None of that sounded very complimentary, did it? It’s a really nice evening cup, especially out of my new favorite hissing mug (just the favorite one that hisses, not my very favorite). Go ahead. Say I’m nuts. I think this little ceramic mug, which had been stashed in storage for ages, was from a donation center when we were trying to cobble together a kitchen after our tornado. Brown with little curlicue hearts on it. I don’t know if it’s the porous texture of the ceramic, or the shape (it tapers inward the tiniest bit at the lip) or the slight flaw in the inner glazing … but whatever it is, it hisses when it’s full of a warm cuppa. Shhh. There. Hear it?
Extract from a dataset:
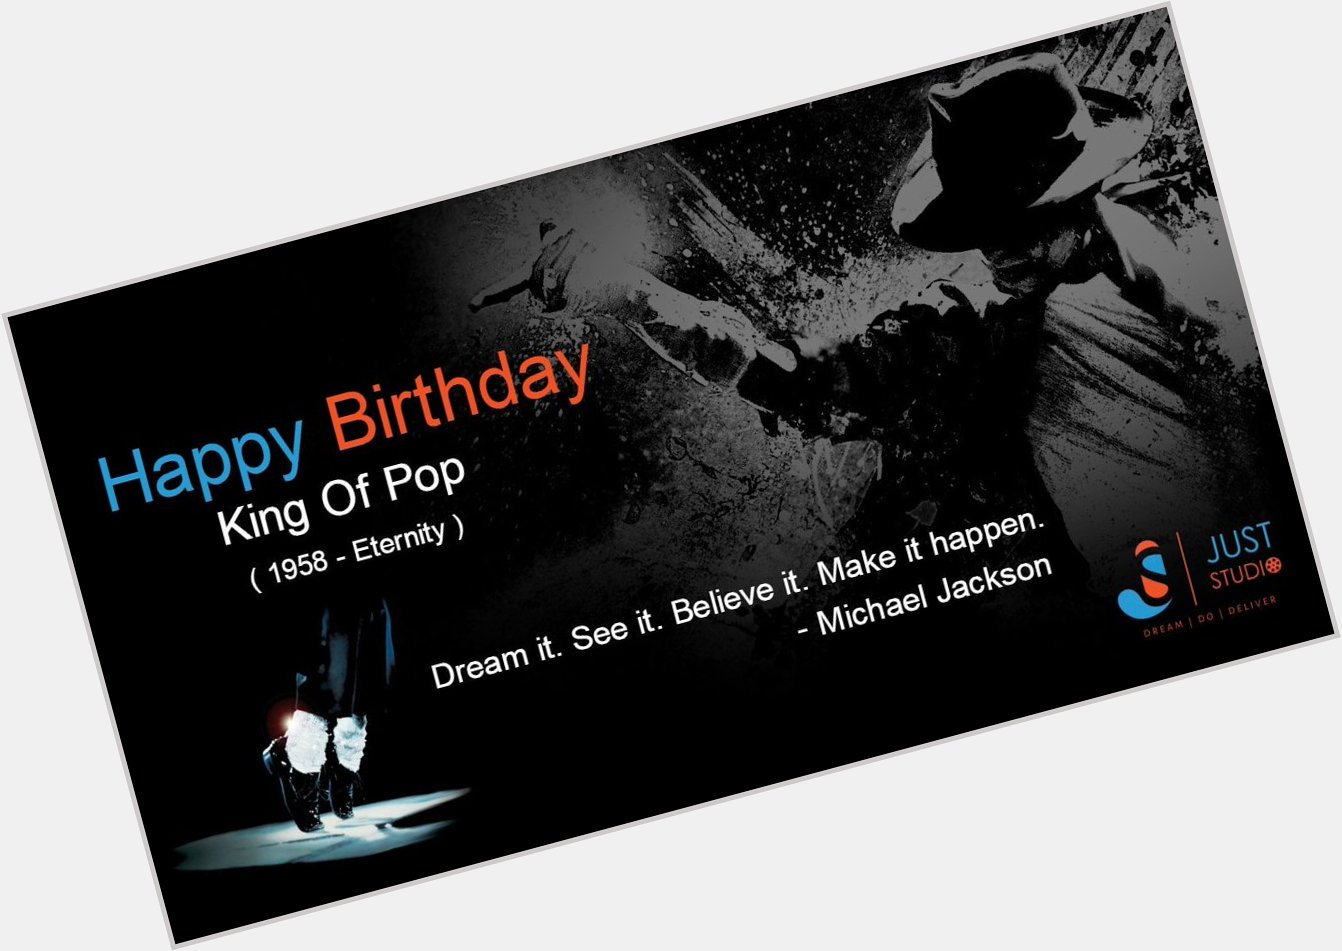 Happy birthday Michael Jackson...

A lovely Sunday afternoon: much-needed rain, a basket of ironing to soothe and unwrinkle me, and Victoria and Abdul to make me smile (Judi Dench is priceless). It could only be capped off by a British/Indian alliance like good old Typhoo. I have absolutely nothing novel or original to say about it, it’s just become a good friend. For this version, Typhoo uses Assam teas that are muscular enough to survive the decaffeination process and leave a little bit of dark-toast-crust flavor behind. Lovely.
One of you mentioned trying this with bourbon sugar, which I don’t have, but it still sounded so good, I snagged a box for the house. It is balanced in favor of the cinnamon rather than the apple (which I was really craving) but it is a lovely herbal departure from minty stuff and overly spiced chai.
I am a walking mass of itches and abrasions: nasty gash on my knee (bashed into the corner of my desk at work), sore vaccine shoulder, bug bites that make shoes and other apparel confounded uncomfortable, and I must’ve dropped my favorite blue wear-over-anything summer duster on the parking lot because it didn’t make it home with me. Oh, and did I mention my overwhelming case of self pity? ;)
It’s all light and momentary, but for the moment, I’m pampering myself a little, and this nice 52teas tisane is helping. What differentiates it from the usual crop of chamomile/rooibos/lemony nighty-night concoctions is a pleasant dose of marshmallow root that takes the edge off the tartness, while the rest of the ingredients (hopefully) take the edge off everything else.
I cheated—far too impatient this evening to wait the prescribed 8—10 minutes and pulled it at 5. Properly steeped, the blend may change personalities entirely. I’ll try that another night when I’m not distracted by a vampirous mosquito that is trying to raise yet another bump on me!